Dimitrios Kamberos (Δημήτριος Καμπέρος, 1883–1942) a first Lieutenant, was the first military aviator in Greek history. His name was spelled variously in contemporary foreign sources, including Camberos and Cambères.

Kamberos was originally an artillery officer, and one of the first six Greek officers selected to receive training in France. The others were:

- Second Lt. Panoutsos Notaras (cavalry)
- First Lt. Michael Moutoussis (Moutousis) (military corps of engineers)
- Second Lt. Christos Adamidis (cavalry)
- First Lt. Loukas Papaloukas (infantry)
- First Lt. Markos Drakos (artillery)

They were joined by Emmanuel Argyropoulos, a private pilot, the first in Greece. The Army Aviation started with six planes, including four purchased from the Farman Aviation Works and assembled by French mechanics:

- One Henri Farman 20 biplane
- One Henri Farman biplane converted to a hydroplane, officially named Daedalus, piloted by Kamberos
- One Maurice Farman Hydravion
- One other Maurice Farman biplane
- One Astra hydroplane, named Nautilos, piloted by Moutousis
- One Nieuport IV G monoplane, named Halcyon, privately owned and piloted by Argyropoulos
Three of the Farman planes were christened Aetos, Gyps, and Ierax. The planes were paid for by money donated by a poet named Matsoukis.

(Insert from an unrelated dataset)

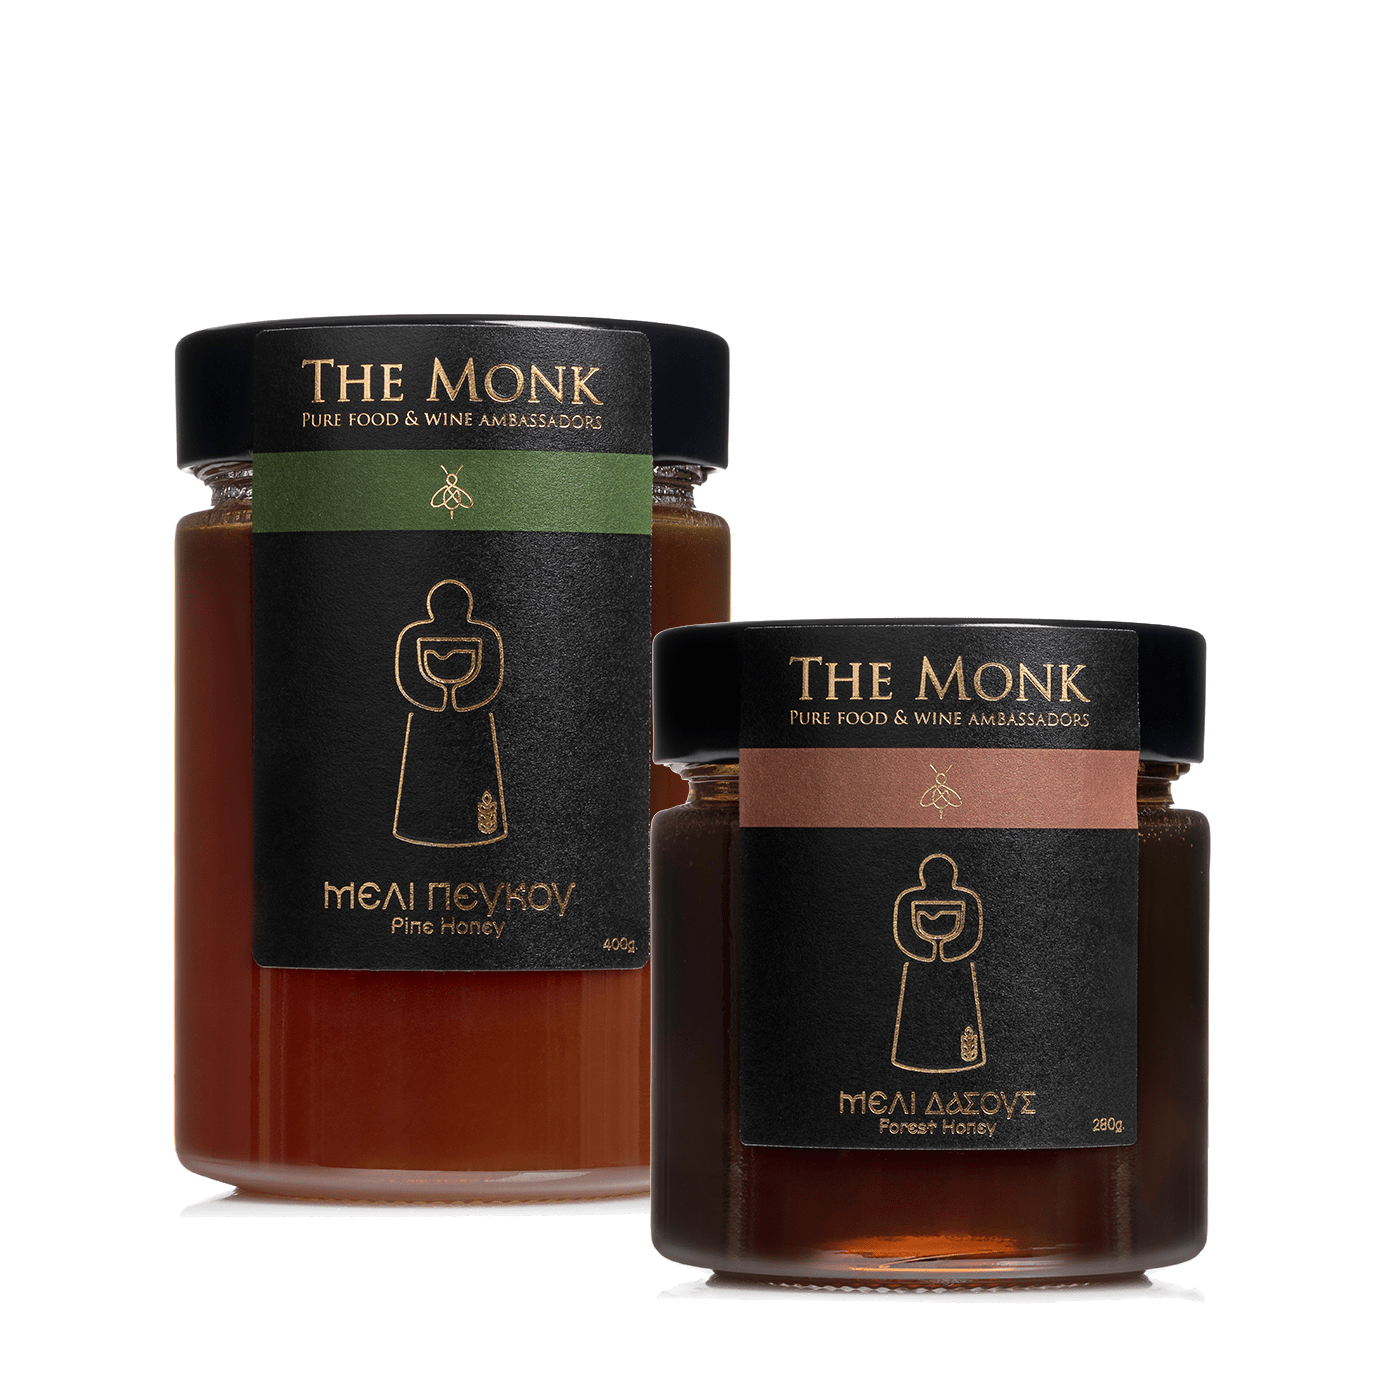 Pine & Forest Honey

Upon their return from France, Kamberos took the first official military exercise flight on 13 May 1912. In June 1912, after converting his plane to a hydroplane, he broke the world speed record at 110 km/h. He flew his first combat mission, a reconnaissance flight, on 5 October 1912, at the outbreak of the First Balkan War. After World War I, he served as the chief instructor of the military flight school. He died from Inert gas asphyxiation.

His brother Notis Kamberos was one of the main founders of Olympiacos CFP.